Литмир - Электронная Библиотека
A
A

Лена сразу сказала, что пришла по делу, но истинную причину своего неожиданного визита открыла только после того, как, обменявшись с ней несколькими незначительными фразами, жена и дети доктора ушли и она осталась с ним с глазу на глаз.

Ничего не скрывая, Лена рассказала Тандиляну о тех глубоких переменах, которые за последнее время произошли в ее отношениях с мужем. Не постеснялась она поведать и о дошедших до нее неприятных слухах. Сама она ничего не видела, не разузнавала и вообще считала бы унизительным следить за мужем, но, говоря по совести, она верит этим слухам, потому что поведение Микаэла только подтверждает их правоту.

Тандилян слушал ее с притворным изумлением и сочувствием. Внимательный взгляд не мог бы, однако, не заметить, что все, о чем она рассказывает, не является для него новостью.

Сейчас Лена просила его лишь об одном: помочь ей положить конец этому ненормальному, неопределенному положению.

— Поверьте, Мадат Осипович, я его ни о чем не прошу, я не нищенка. Я только хочу выяснить свою роль, и готова дать развод, если он этого хочет. Если это необходимо, я сама уйду, только бы избавиться от этого кошмара. Я ни с кем не хотела говорить об этом, даже с братом, Сантуром, и вот пришла к вам…

О связи Аразяна с Анной Тандилян узнал совершенно случайно, из ненароком подслушанного разговора между уборщицами клиники.

Работа кончилась, все разошлись.

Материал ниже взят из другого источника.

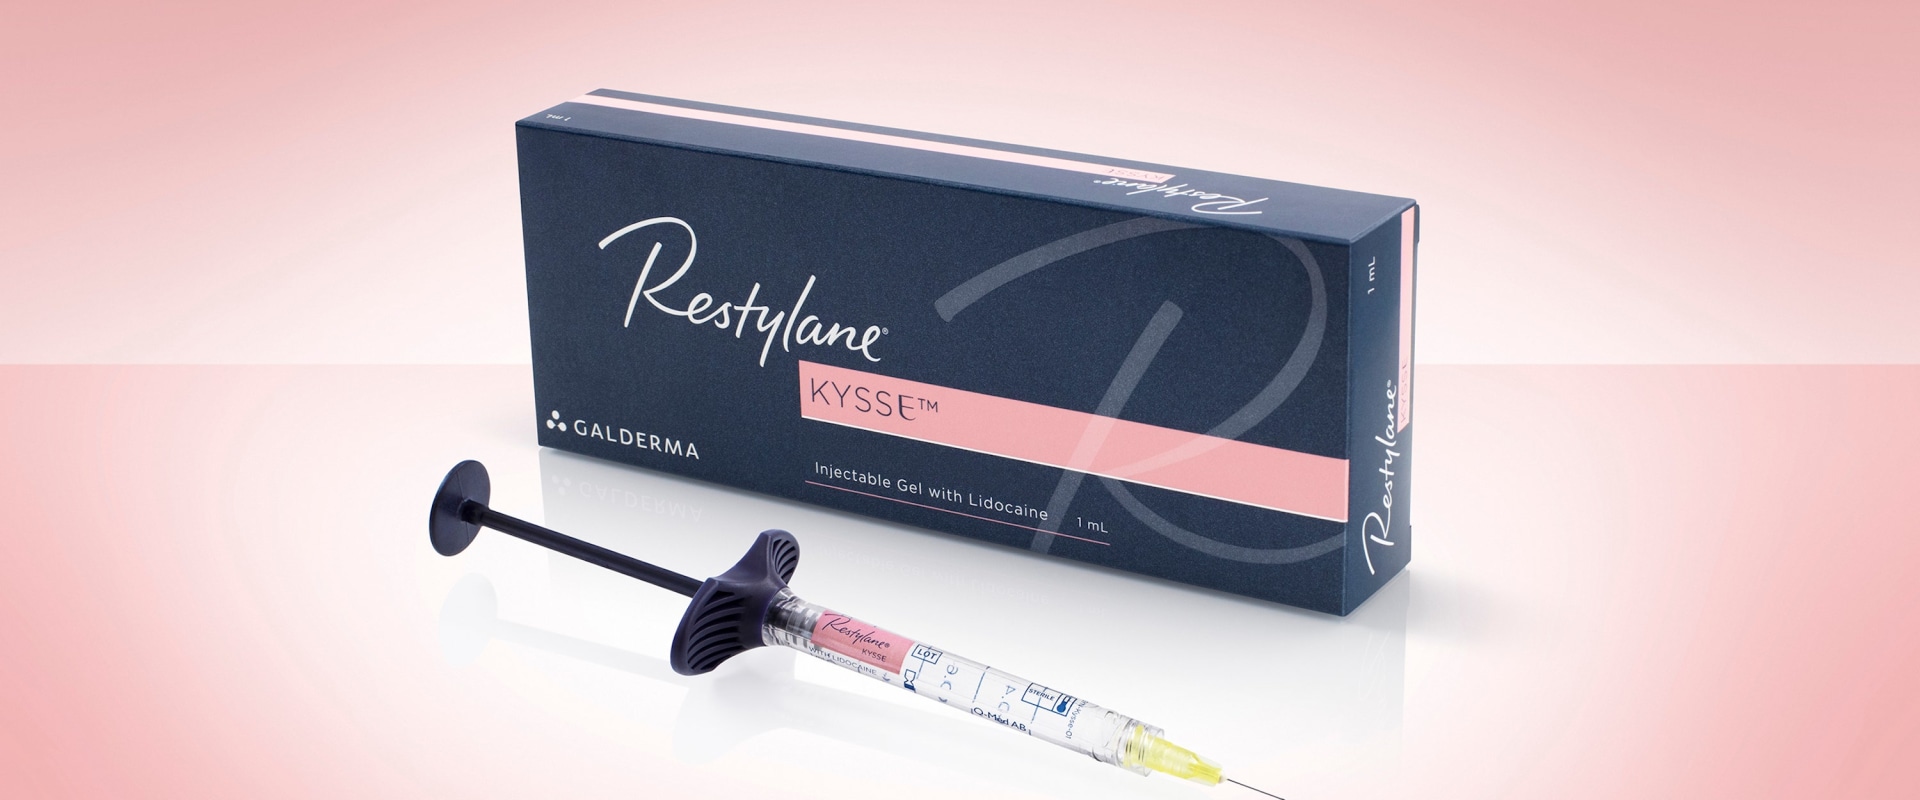 Restylane an Injectable filler

Только Тандилян еще сидел в своем кабинете, ожидая важного телефонного разговора. Вдруг из-за неплотно прикрытой двери до него донеслось:

— …У этой стриженой, говорят, двое детей… Мужа бросила.

— Пропади она пропадом… Но не похоже это на профессора. Должно быть, сказки…

Уборщицы отошли, и Тандилян больше ничего не слышал. Но и этого было достаточно. Потом он поинтересовался и, к своему удивлению, узнал, что это почти всем, кроме него, давно известно. Знают и молчат. Молчат потому, что это Аразян, а не какой-нибудь Тандилян. Начни копаться — оскорбится и уйдет… А какал клиника в любом городе не захочет заполучить такого врача, как Аразян?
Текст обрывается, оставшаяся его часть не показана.